* Work request
Print the listing below only from the line that has "Фото Царская винтовка" through the line that has "Shanghai Man: Fight", exactly, and drop any picture.

* Source records

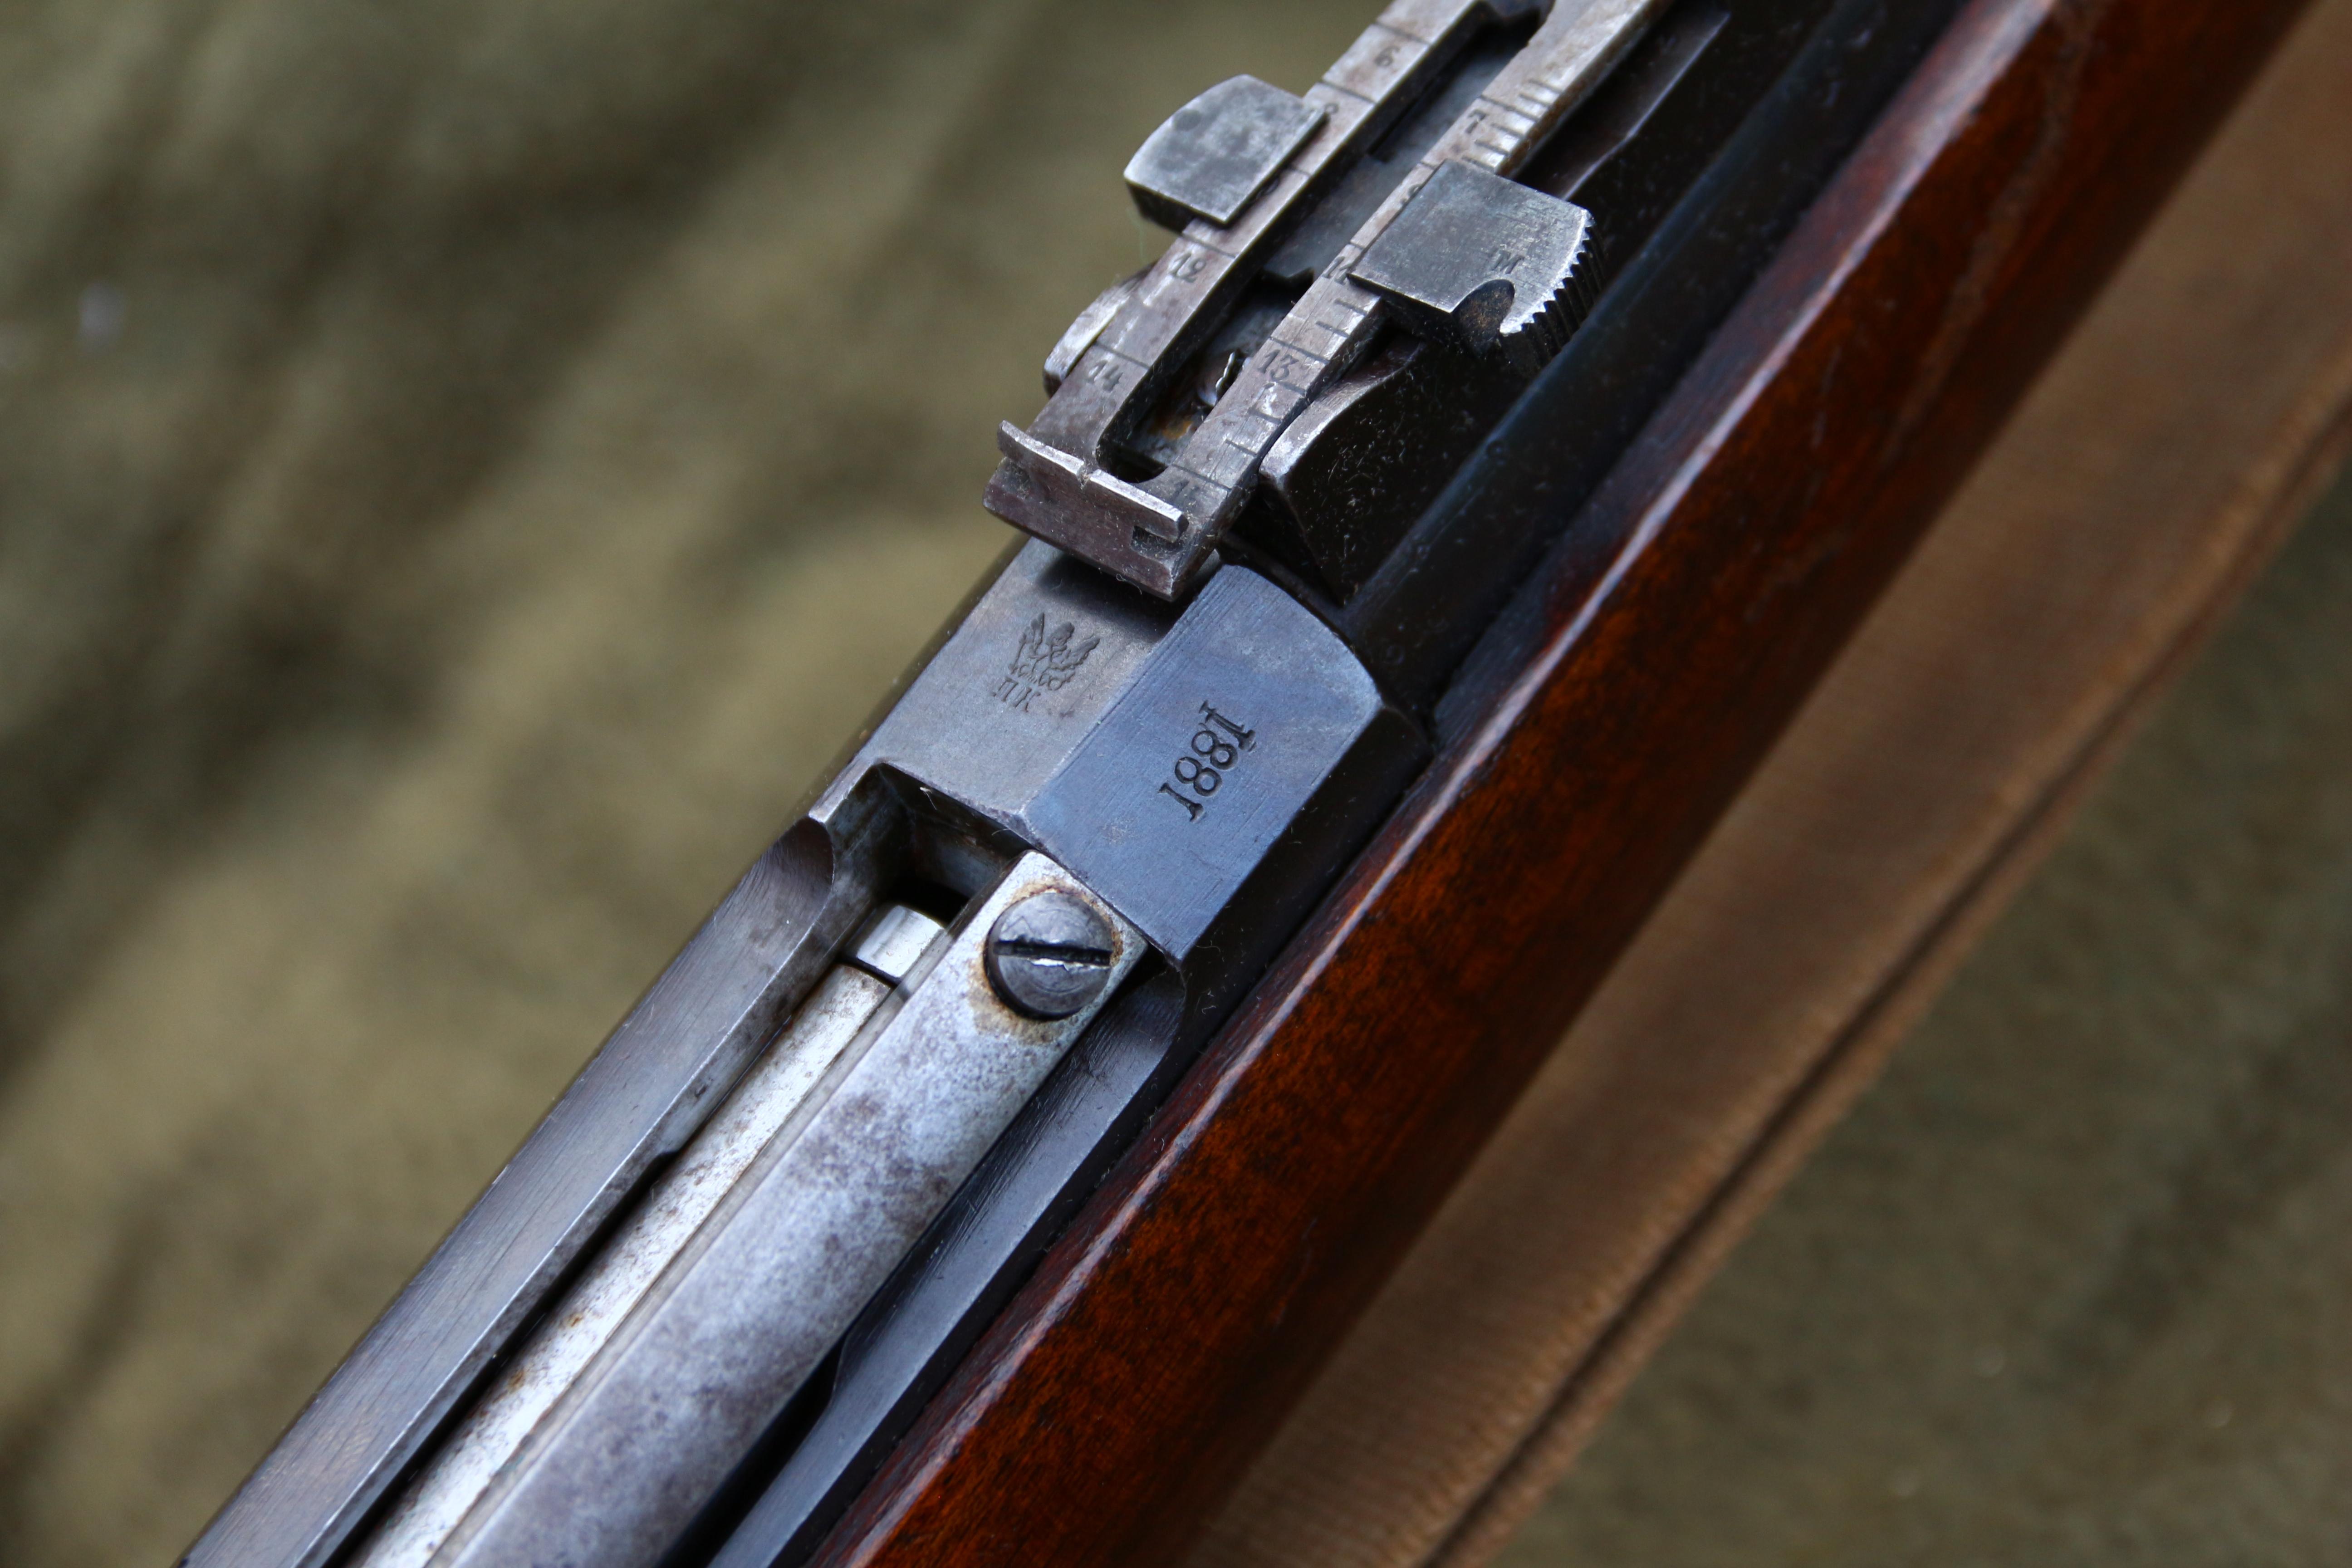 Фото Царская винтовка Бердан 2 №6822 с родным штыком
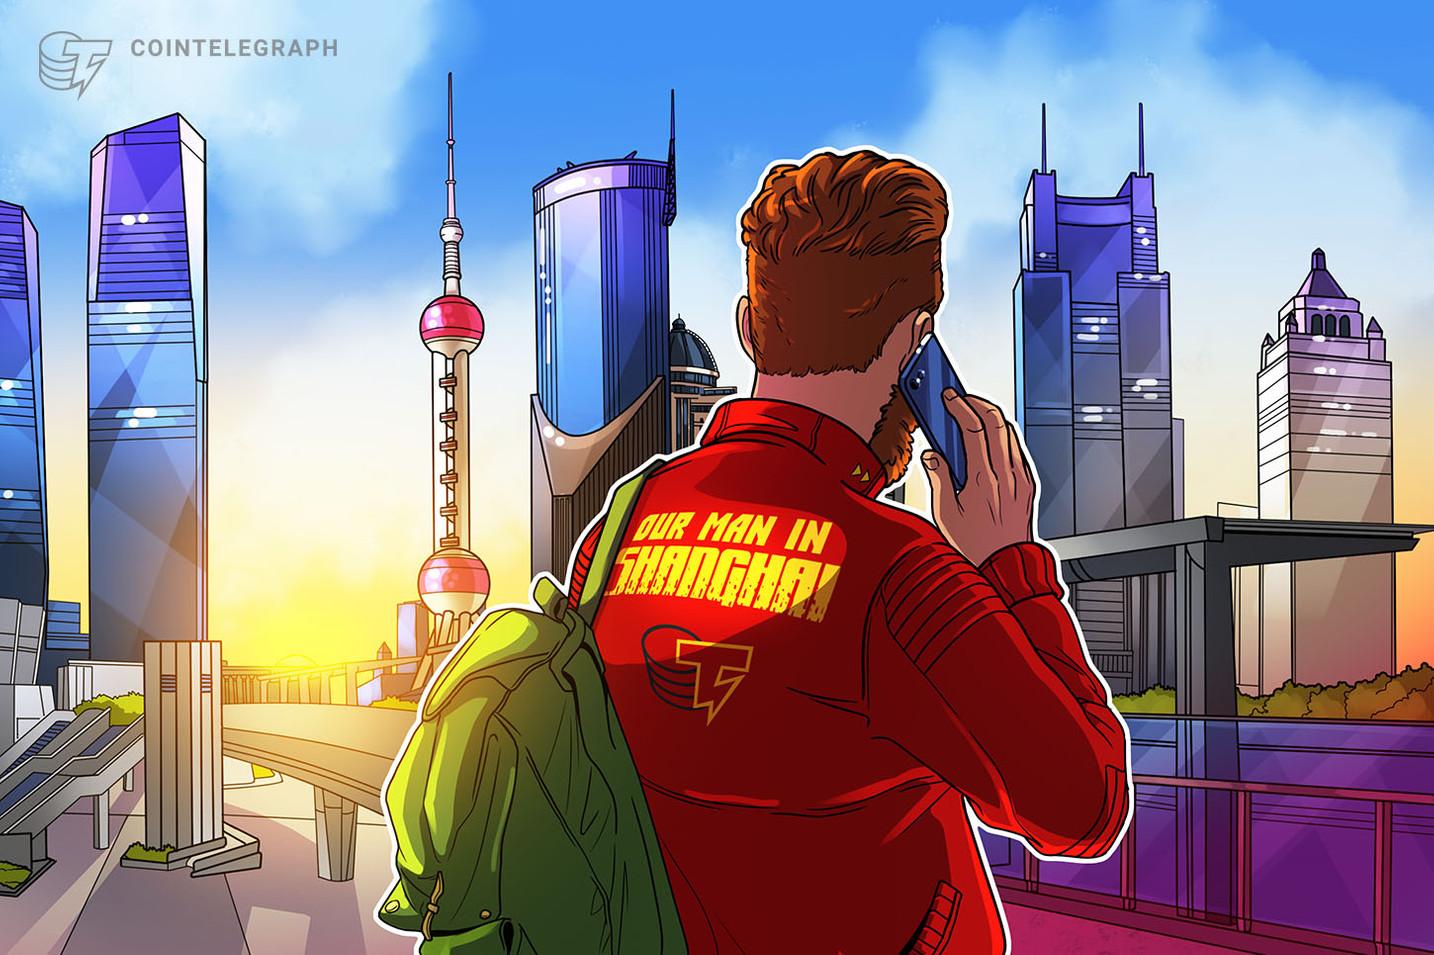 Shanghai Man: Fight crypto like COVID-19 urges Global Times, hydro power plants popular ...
* * *
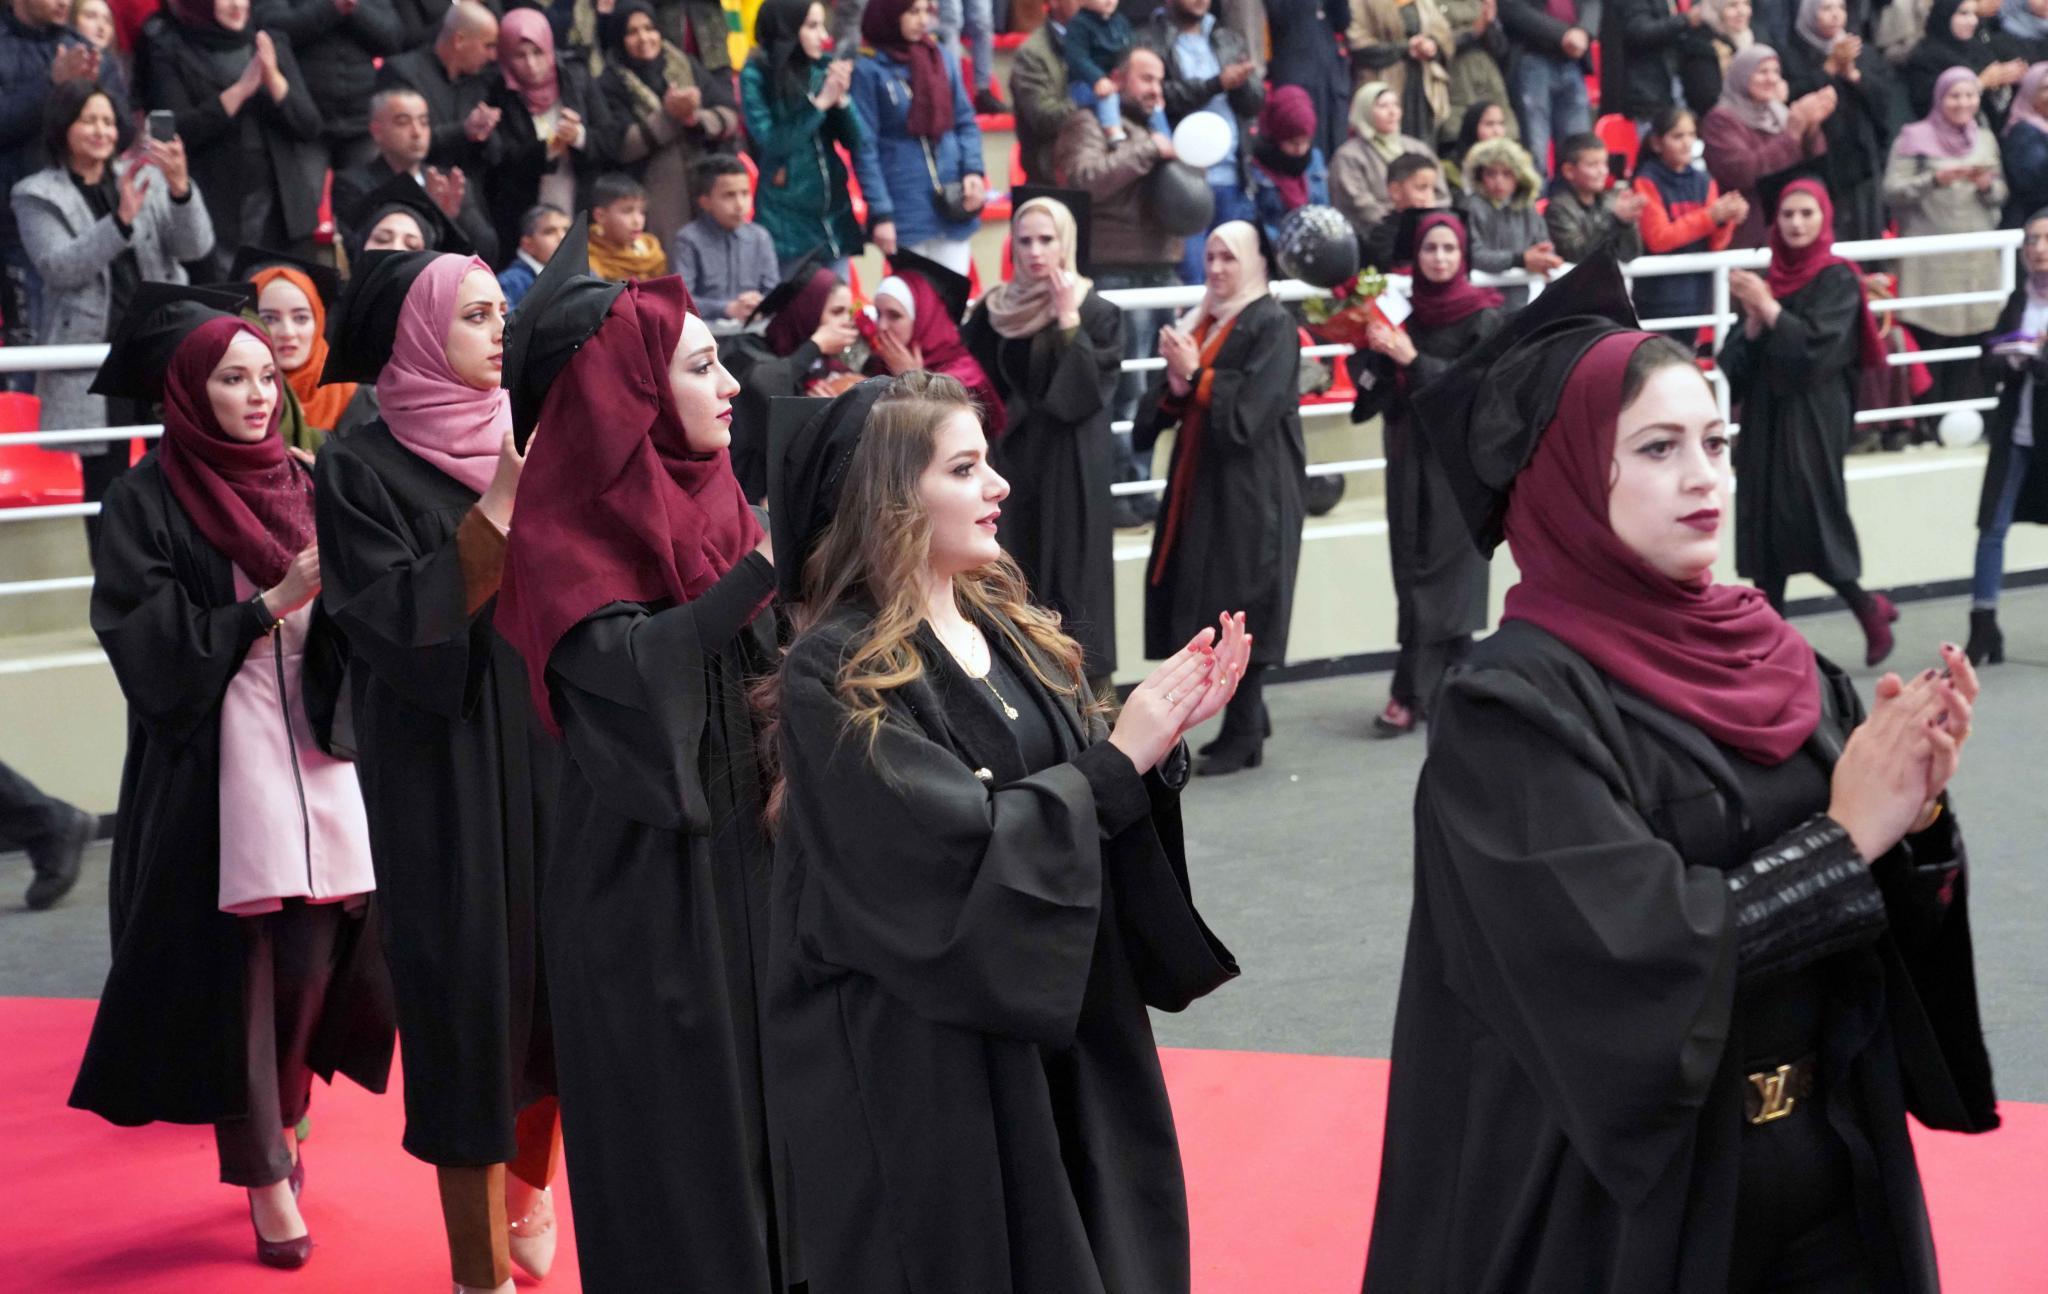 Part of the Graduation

* Response
 Фото Царская винтовка Бердан 2 №6822 с родным штыком
 Shanghai Man: Fight crypto like COVID-19 urges Global Times, hydro power plants popular ...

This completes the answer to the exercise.